After nearly thirty miles he pulled off the blacktop at the intersection of a gravel road leading east toward the Chiricahuas. The MapQuest was fairly clear and the Google aerial showed a rather run-down ranch house with a number of corrals and ramshackle outbuildings but there was the question of whether it was a recent photo. A topographical map would have been handier and so would a 4WD he thought because the seven miles of gravel led into successively rougher country. He made his right turn and drove the mile toward the ranch thinking that the aerial had given no indication of the depth of the canyon on each side of the two-track, which showed signs of traffic in the dirt. He parked off to the side of a locked gate feeling a little naked without his .38, which was in a locked desk drawer back in Marquette, but then the Great Leader Dwight had always been friendly enough if somewhat distant.

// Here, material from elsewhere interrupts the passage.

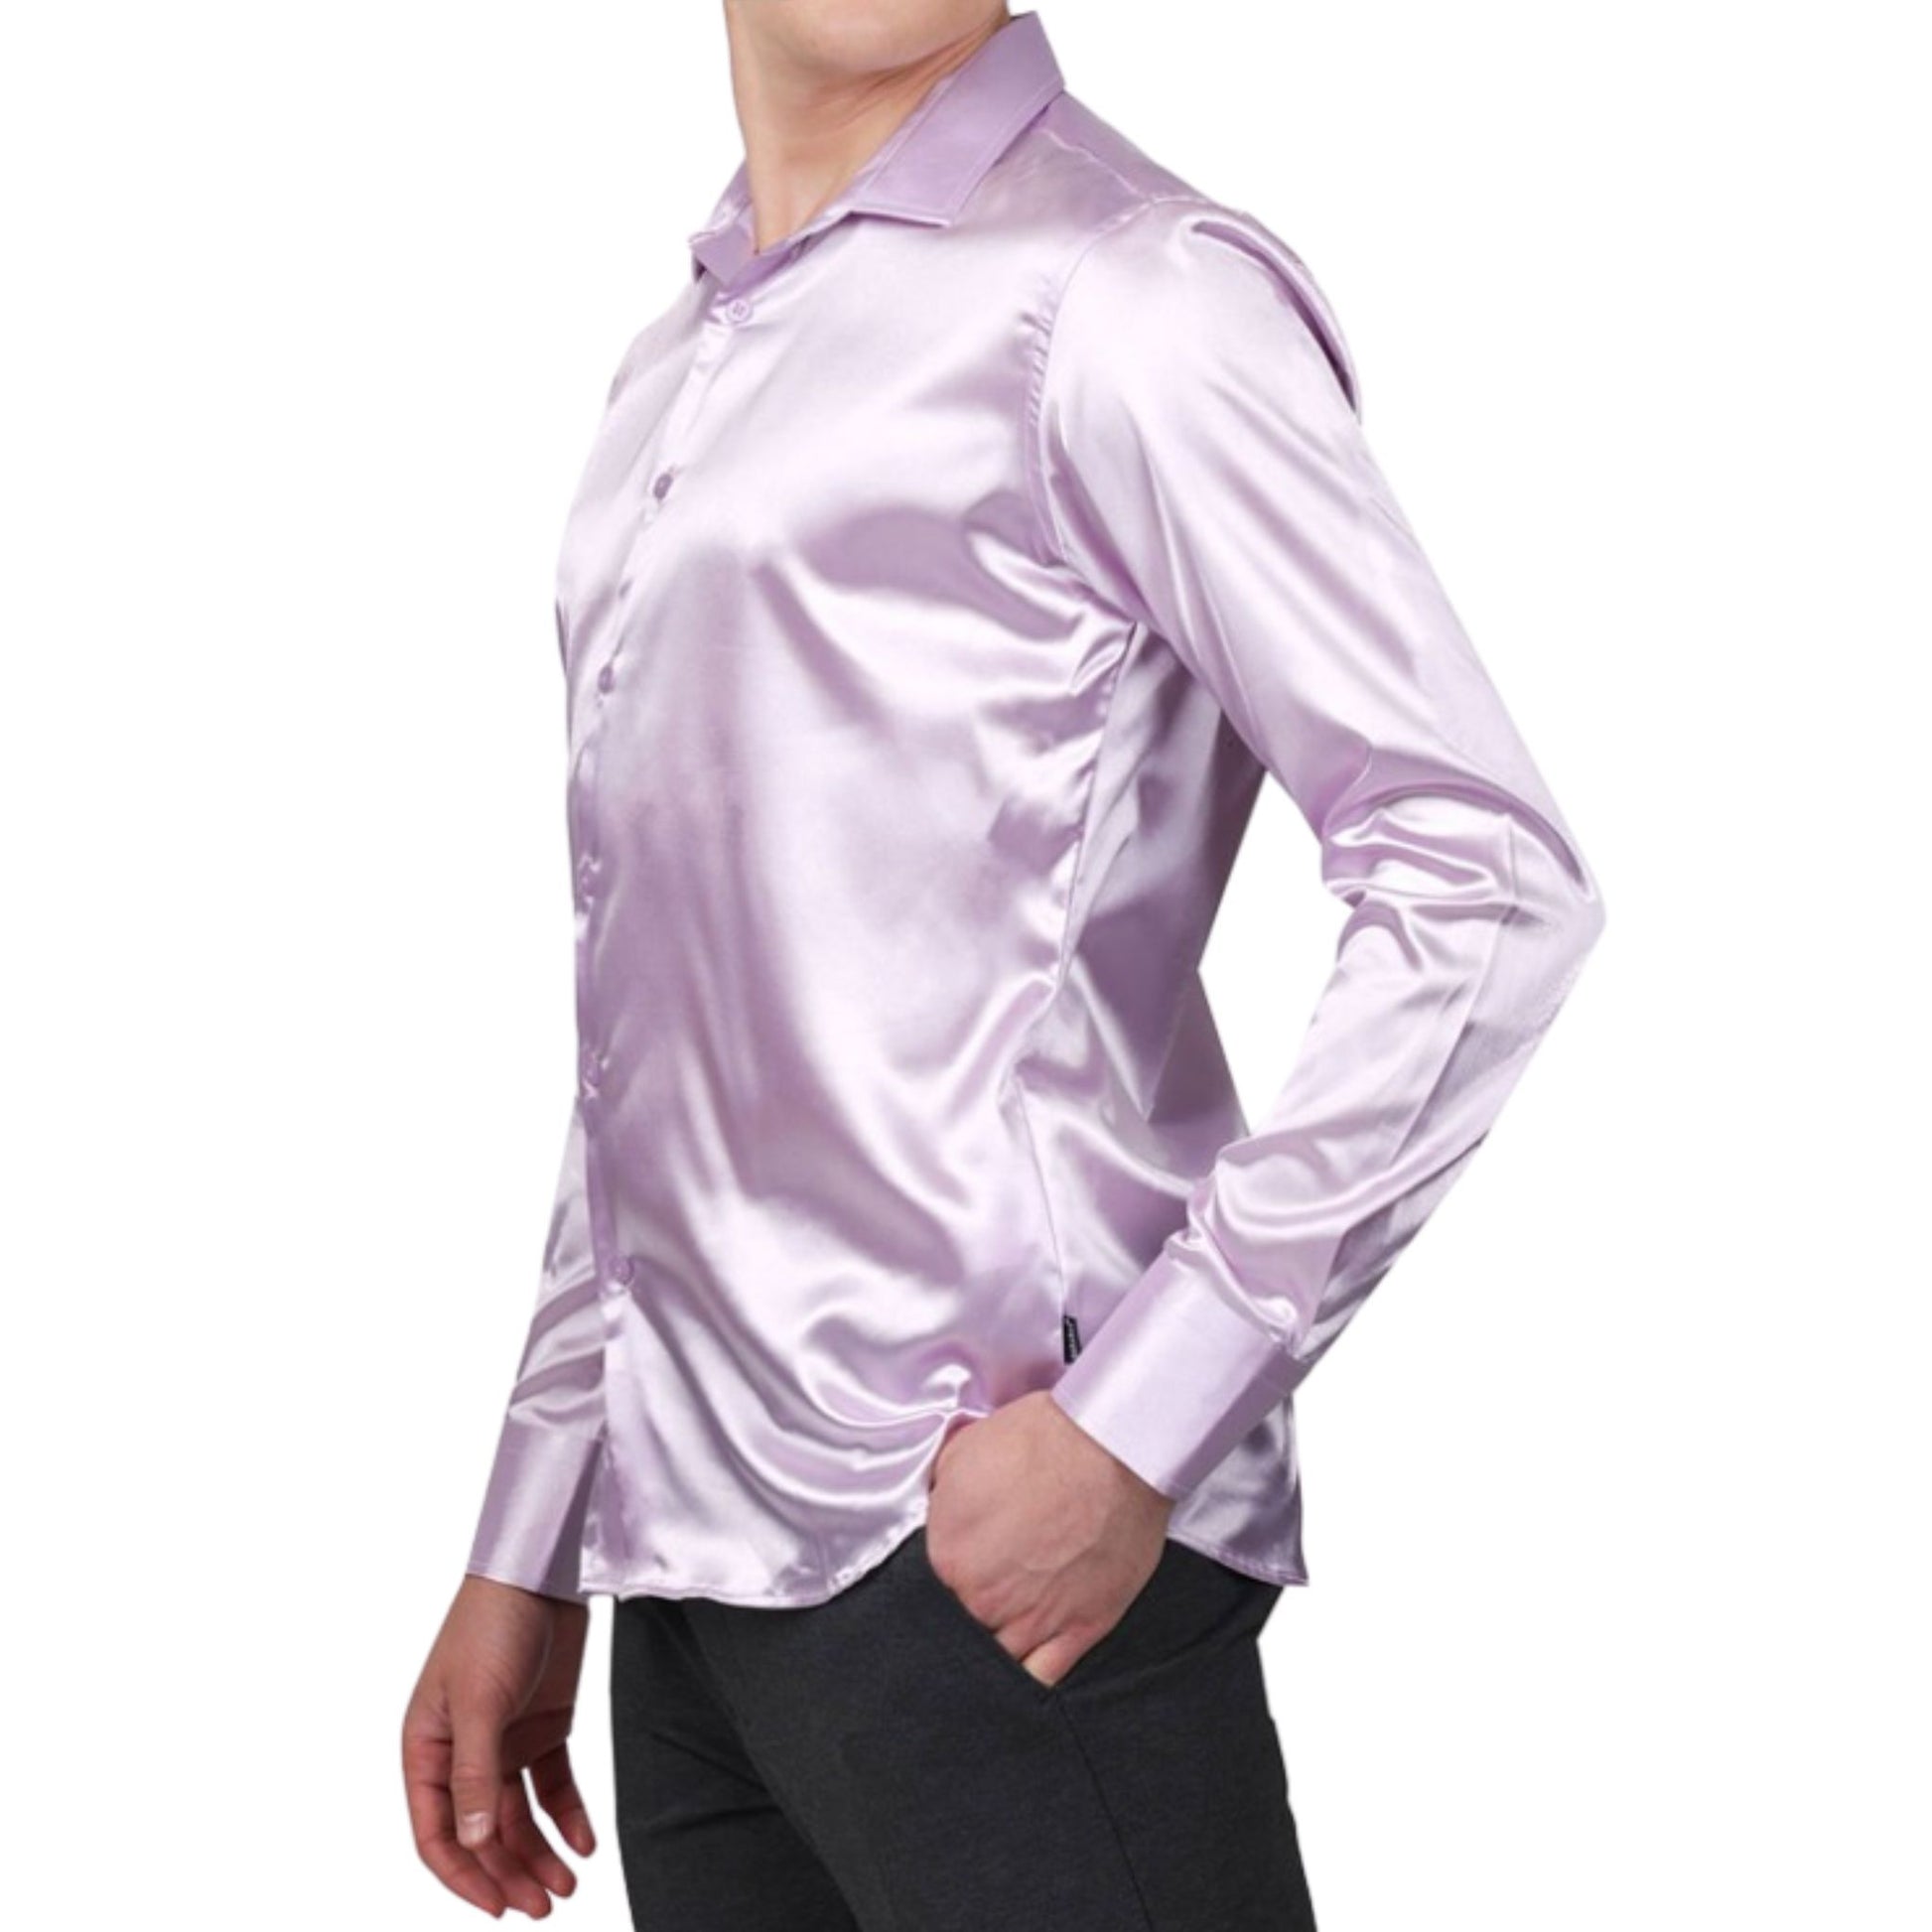 Chic KCT Menswear lavender satin dress shirt, ideal for formal events.

He climbed the iron-bar gate with wobbly legs and headed up the road amused at the similarity of the landscape to the cowboy movies where Indians or outlaws would pop up from the uniform and phony-looking boulders and start shooting arrows or bullets at Gene Autry or Roy Rogers.

He stopped to look at a large gathering of varied birds on the bushes around a small spring, really a seep from the canyon wall, and then he was quite literally stoned. Stoned as happened in certain Middle Eastern countries like Saudi Arabia where the woebegone malefactor tries to cover his face while being pelted by fair-sized rocks.